Beneath this instruction is a block of data; output from it exactly the lines that run from the one containing "海来阿木CD专辑 点歌的人 五十年以后 DJ精选 流行音乐车载cd碟片" through the one containing "6-италиански-б", inclusive.

*Records provided:*
※ ※ ※

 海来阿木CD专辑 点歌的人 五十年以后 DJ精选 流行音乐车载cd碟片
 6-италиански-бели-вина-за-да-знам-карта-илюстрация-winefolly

※ ※ ※

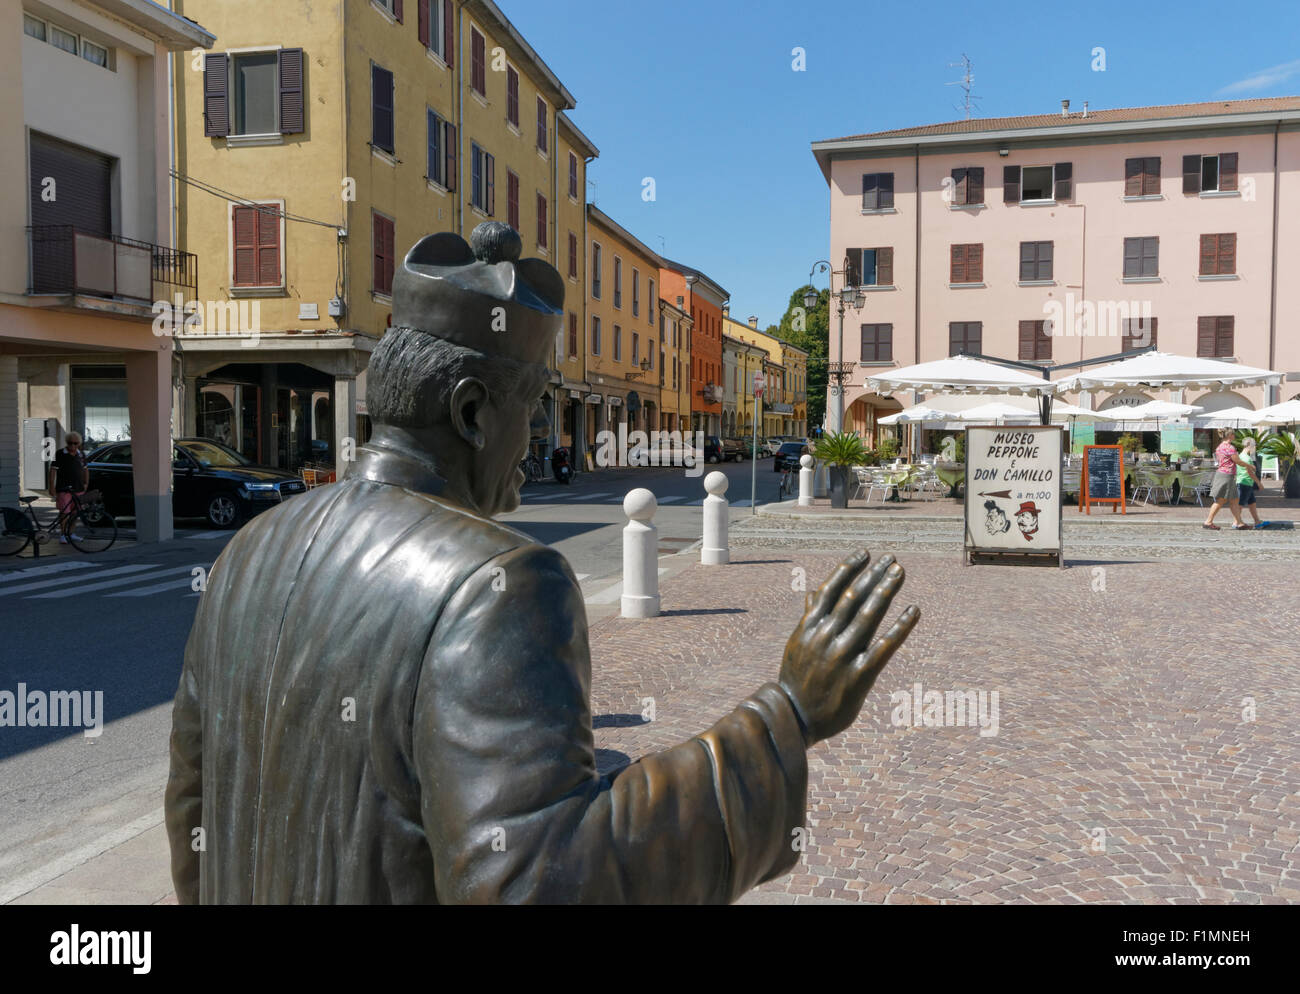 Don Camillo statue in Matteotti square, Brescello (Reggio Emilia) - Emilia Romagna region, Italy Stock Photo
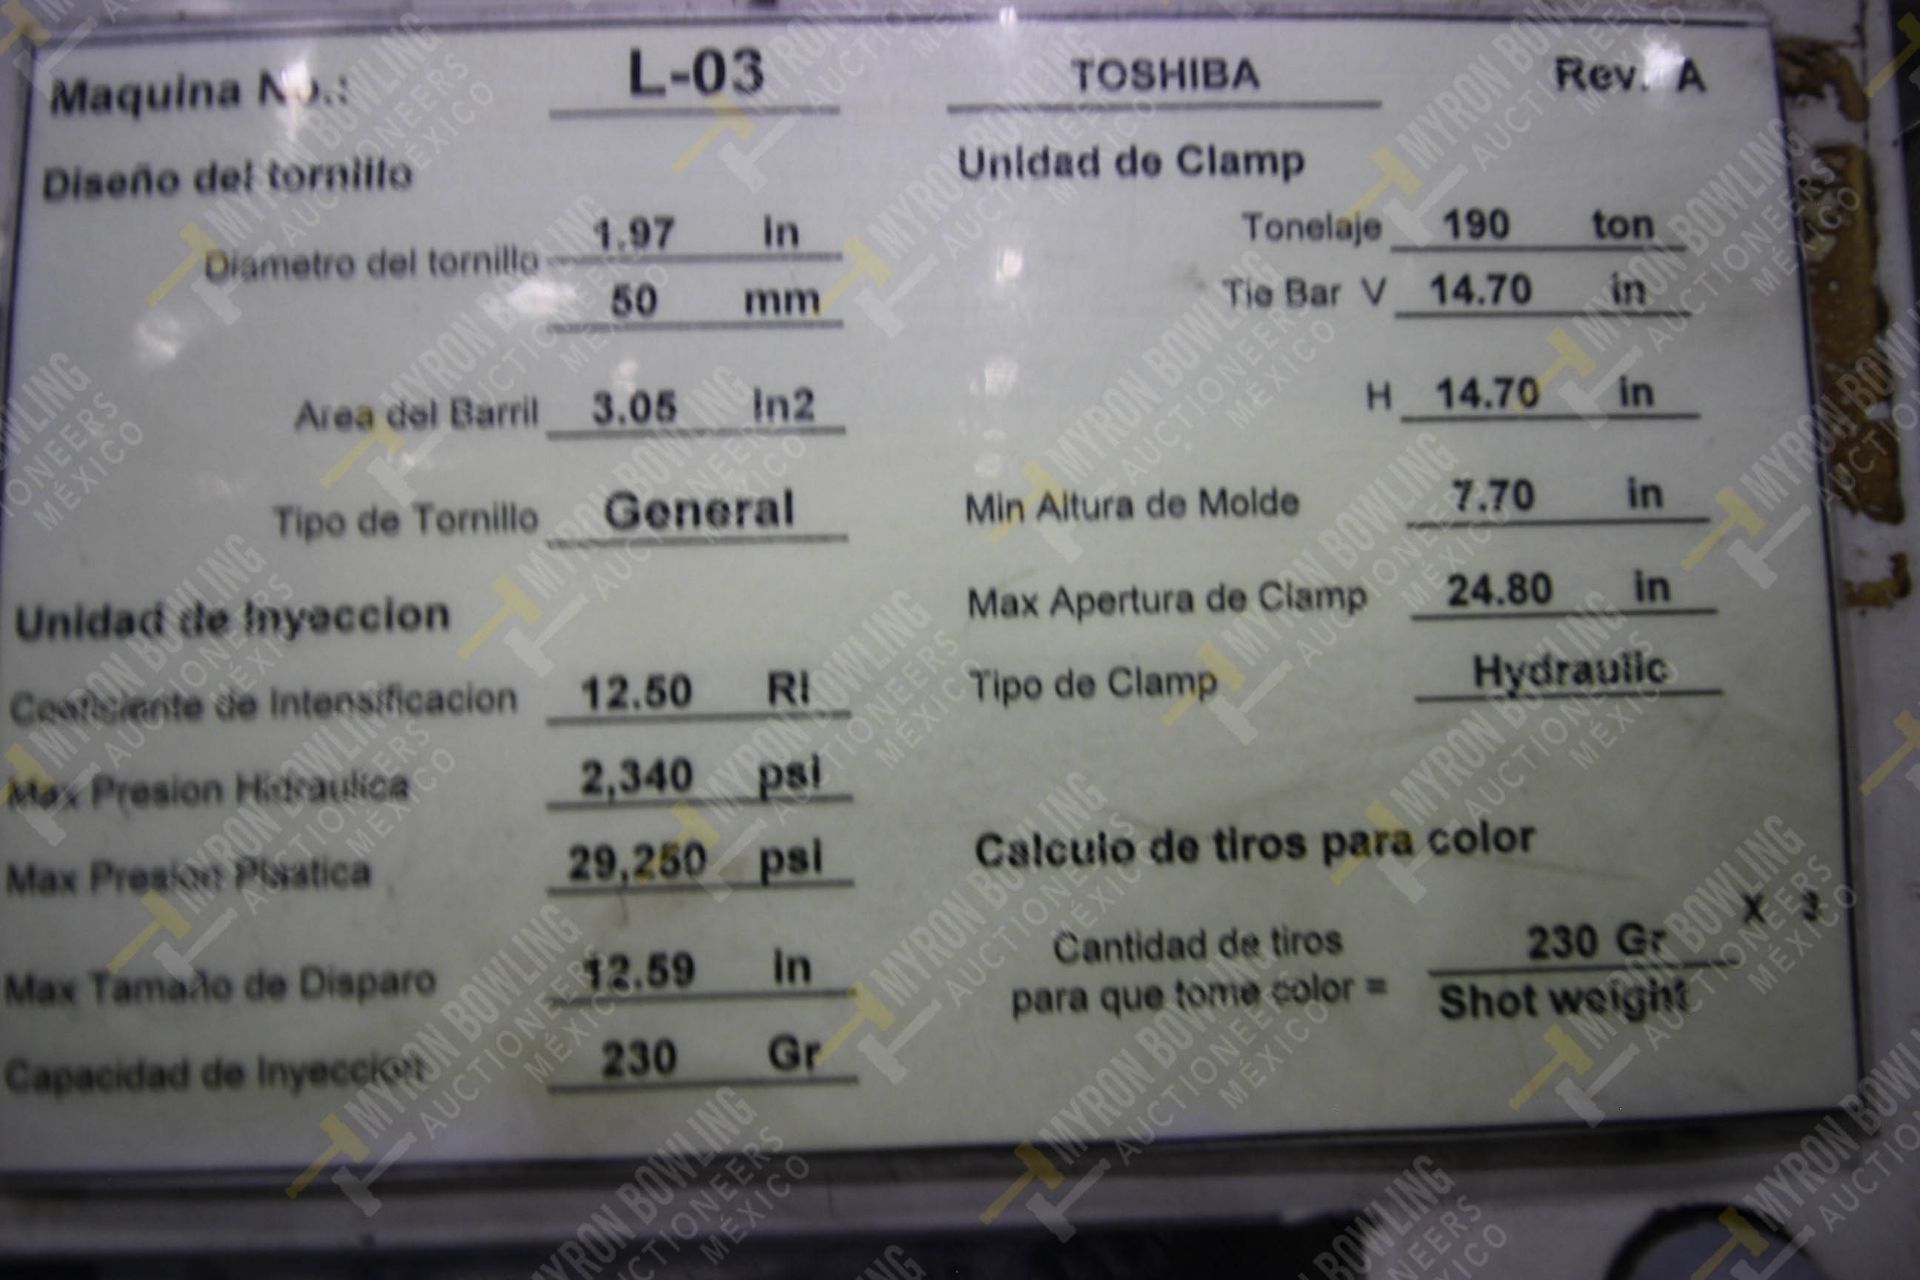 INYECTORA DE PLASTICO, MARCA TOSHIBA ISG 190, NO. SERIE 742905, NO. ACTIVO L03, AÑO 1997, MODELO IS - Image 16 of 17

※ ※ ※

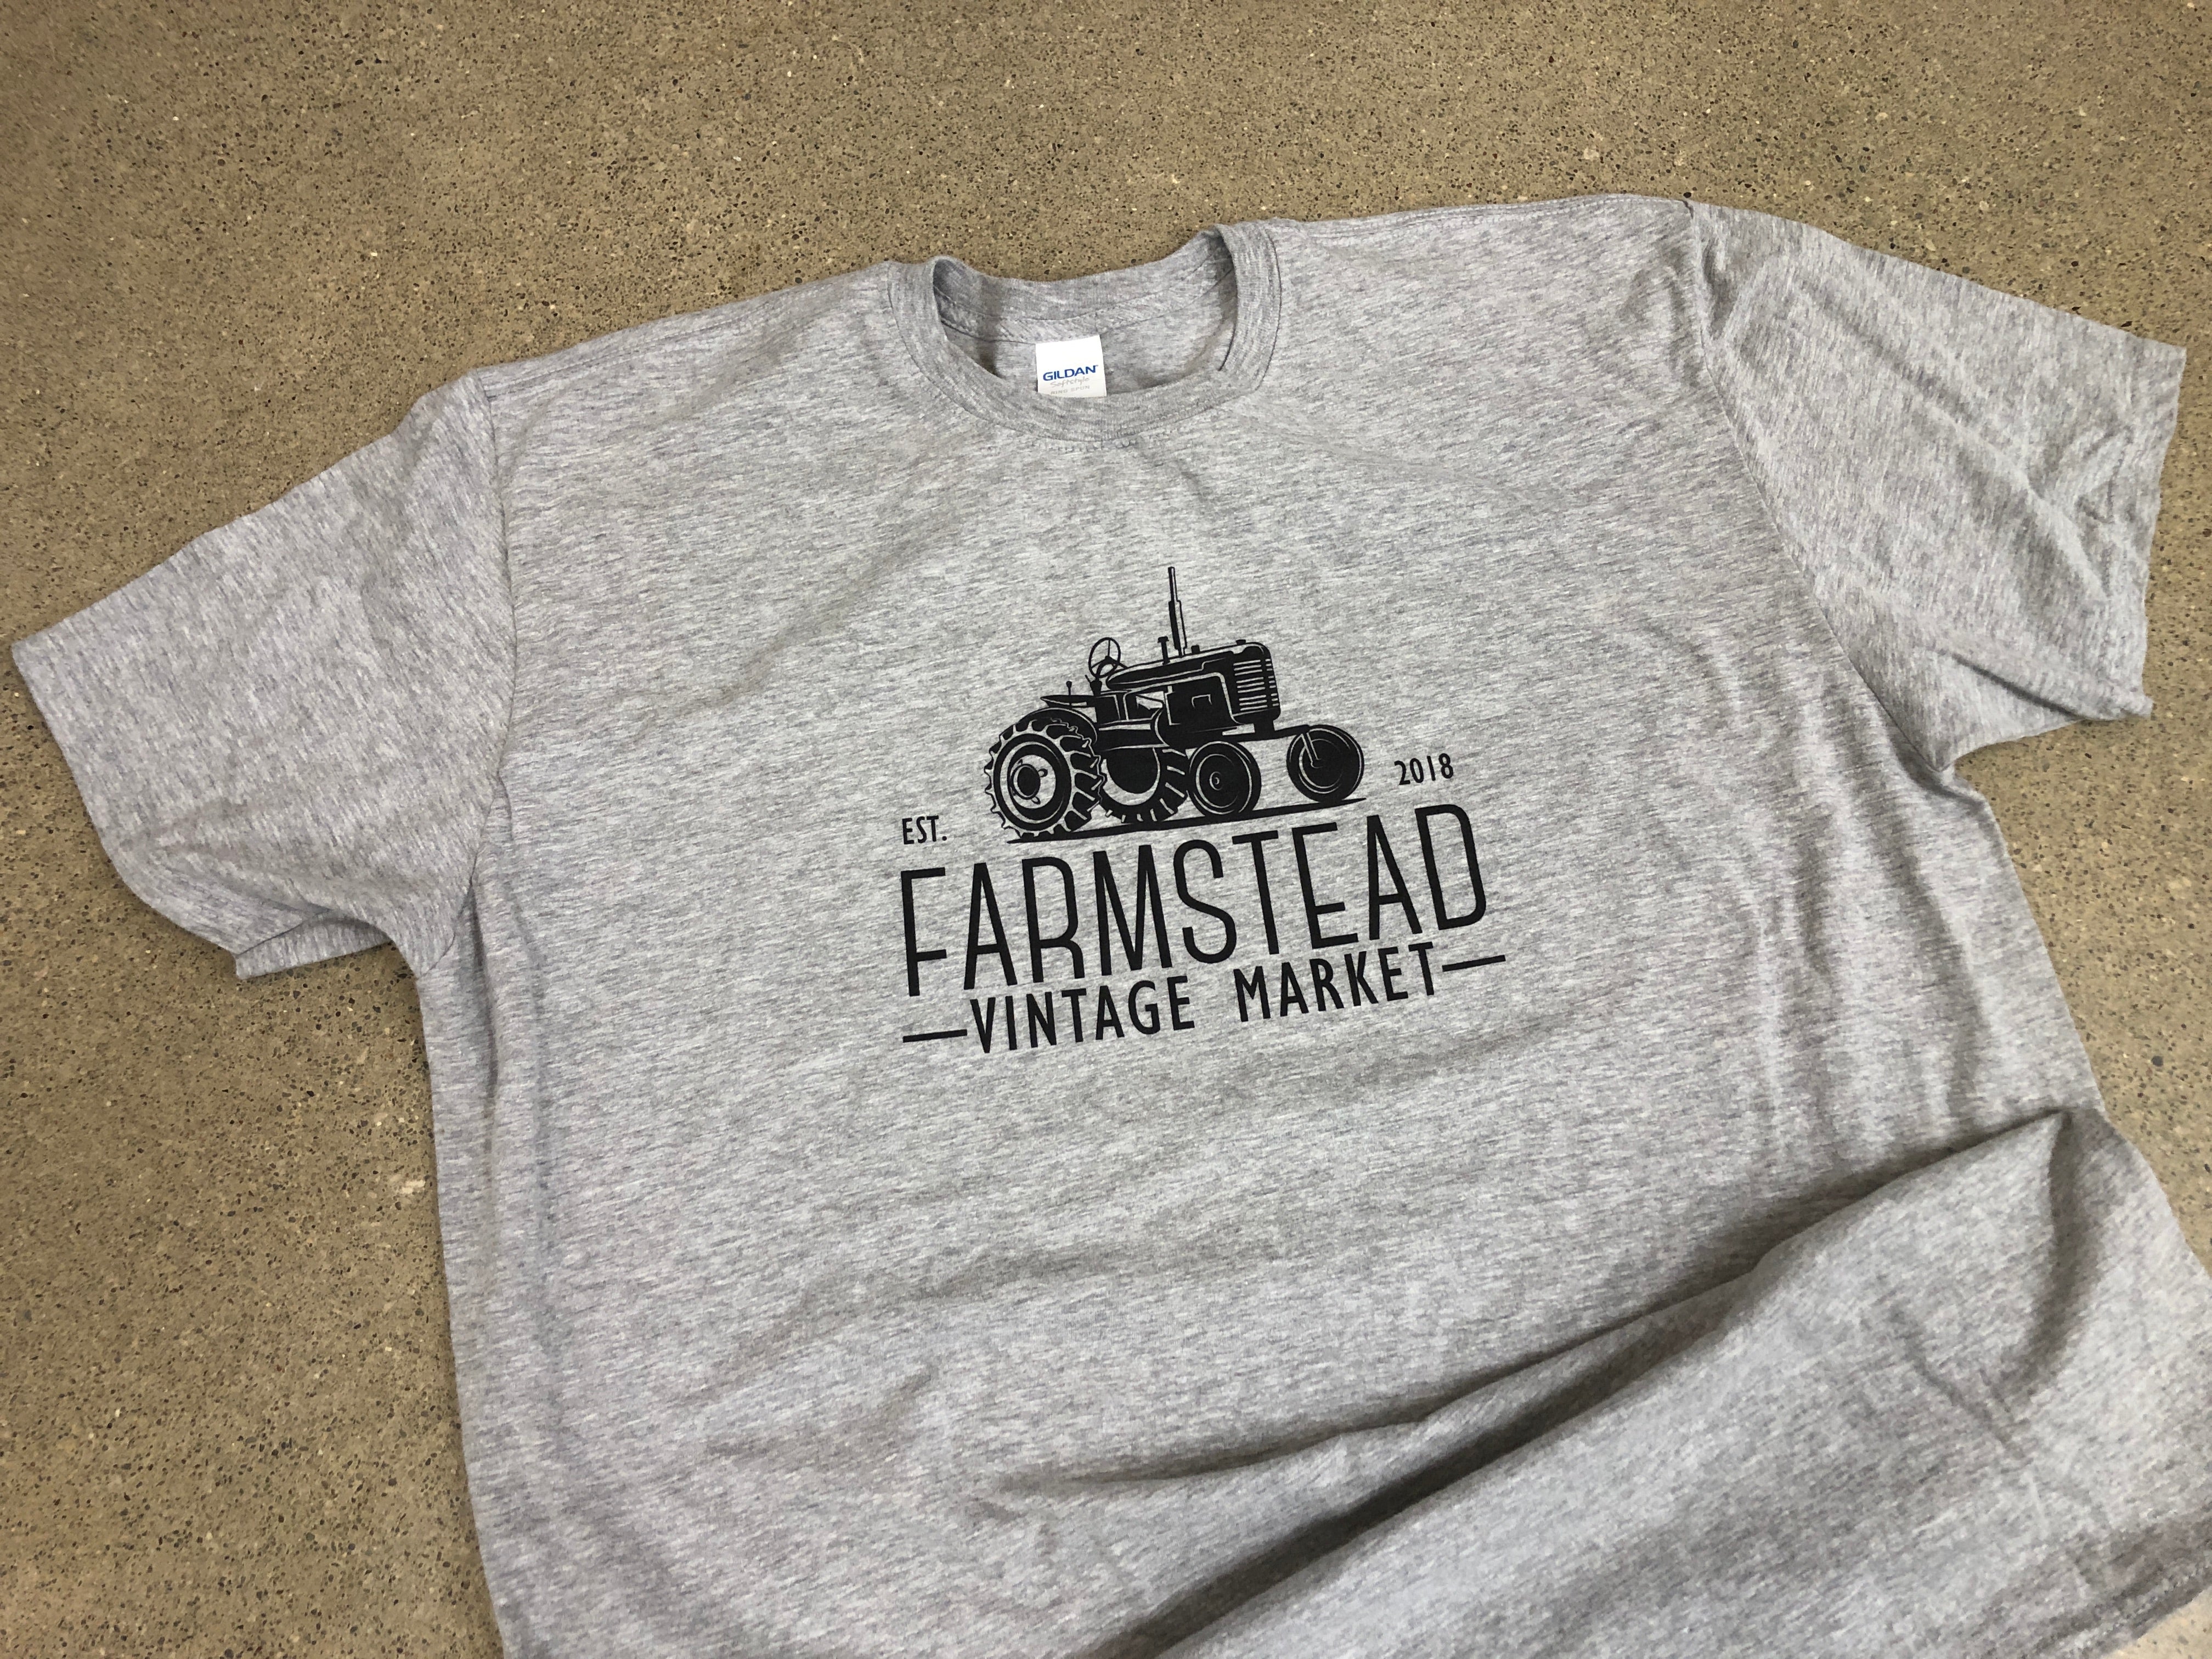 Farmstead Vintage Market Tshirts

※ ※ ※

*Answer:*
 海来阿木CD专辑 点歌的人 五十年以后 DJ精选 流行音乐车载cd碟片
 6-италиански-бели-вина-за-да-знам-карта-илюстрация-winefolly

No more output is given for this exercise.